2016-04-03 22:04:06「……間に合ったか!」 自動販売機の裏、複数存在する地下施設の出口の一つから這い出してきた老人と空海は、地上の様子を確認しながらタイプ・バトウの残骸へと駆け寄る。 「タンクというのは何処だ!?」 「これだ」 解体を行っていた少年を押し退け、空海は解体途上の残骸を覗き込む。
2016-04-03 22:08:05『タンク』と呼ばれていたのは……表面に曼荼羅めいた模様の浮かぶ花の蕾、あるいはフラスコめいた器官。 「これは……タンクではない」 深く安堵の溜息を吐きながら、空海は少年に告げる。それは、得度兵器の中枢。嘗ての徳エネルギー文明の要たる遺物、徳ジェネレータだ。
2016-04-03 22:12:05確かに、徳エネルギーを知らぬ者が見れば何がしかのタンクやボンベに見えることもあろう。空海は最悪の想像を振り払う。 「どうしたんだ、坊さん。そんな慌てて」 「いや……こちらの話だ。それよりも、得度兵器の解体は慎重を期すべきだ。何か仕掛けられていないとも限らない」
2016-04-03 22:16:05「わかってっけど……」 「最悪の場合、毒ガスが仕掛けられている可能性がある」 「得度兵器ってそんなもんまで使うんか!?」 「可能性の話だ。部品の回収は放棄すべきやもしれない」 「でもなぁ……」 少年は、タンク……いや、徳ジェネレータの方へ視線を移す。
2016-04-03 22:20:05「この中から、なんか聞こえんだよなぁ」 空海は徳ジェネレータの表面へ耳を寄せる。……だが、何も聞こえない。 「君にも聞こえるか?」 念の為、少年とともに解体を行っていた同じ年頃の青年にも尋ねるが、彼は首を横に振った。 空海は思考する。それが少年だけに聞こえているならば。
2016-04-03 22:24:01それは、何を意味するのか。単なる体質なのか、生まれ持った才能なのか。 (……或いは、感覚系の『奇跡』か) モデル・クーカイの中にも法話(テレパシー)の使い手が存在した。それと似た能力なのかもしれない。問題なのは、彼が聞いているものが幻聴でないとして、それは何を聞いているのかだ。

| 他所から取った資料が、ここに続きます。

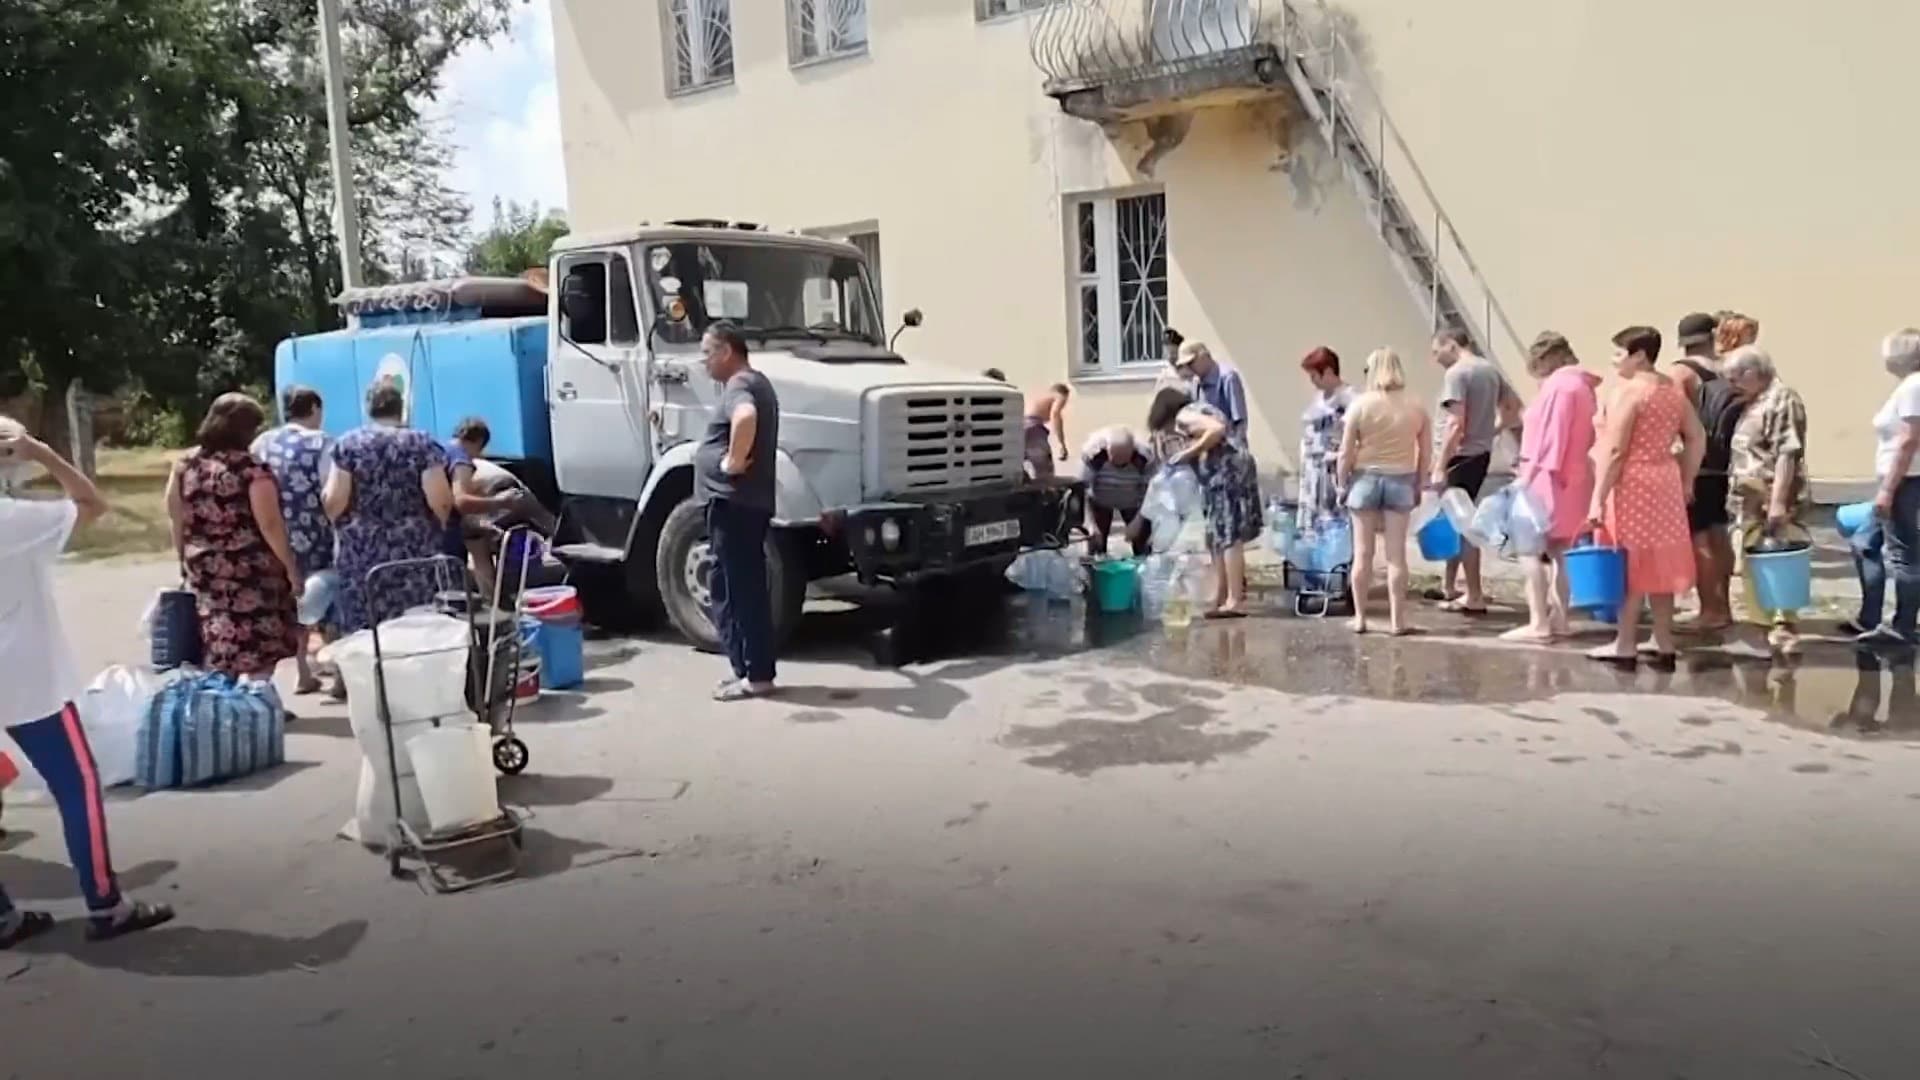 ukrainian city of Druzhkivka has almost no drinking water

2016-04-03 22:28:03徳ジェネレータは徳遺物や『人間』から徳エネルギーを抽出するための機械だ。その中から声が聞こえるということが何を指すのか。 タイプ・バトウの機能停止から既に数日。事態は一刻を争うやもしれない。 「……金剛針(ヴァジラスーチー)!」 空海の手の中に、金色の小さな針が形成される。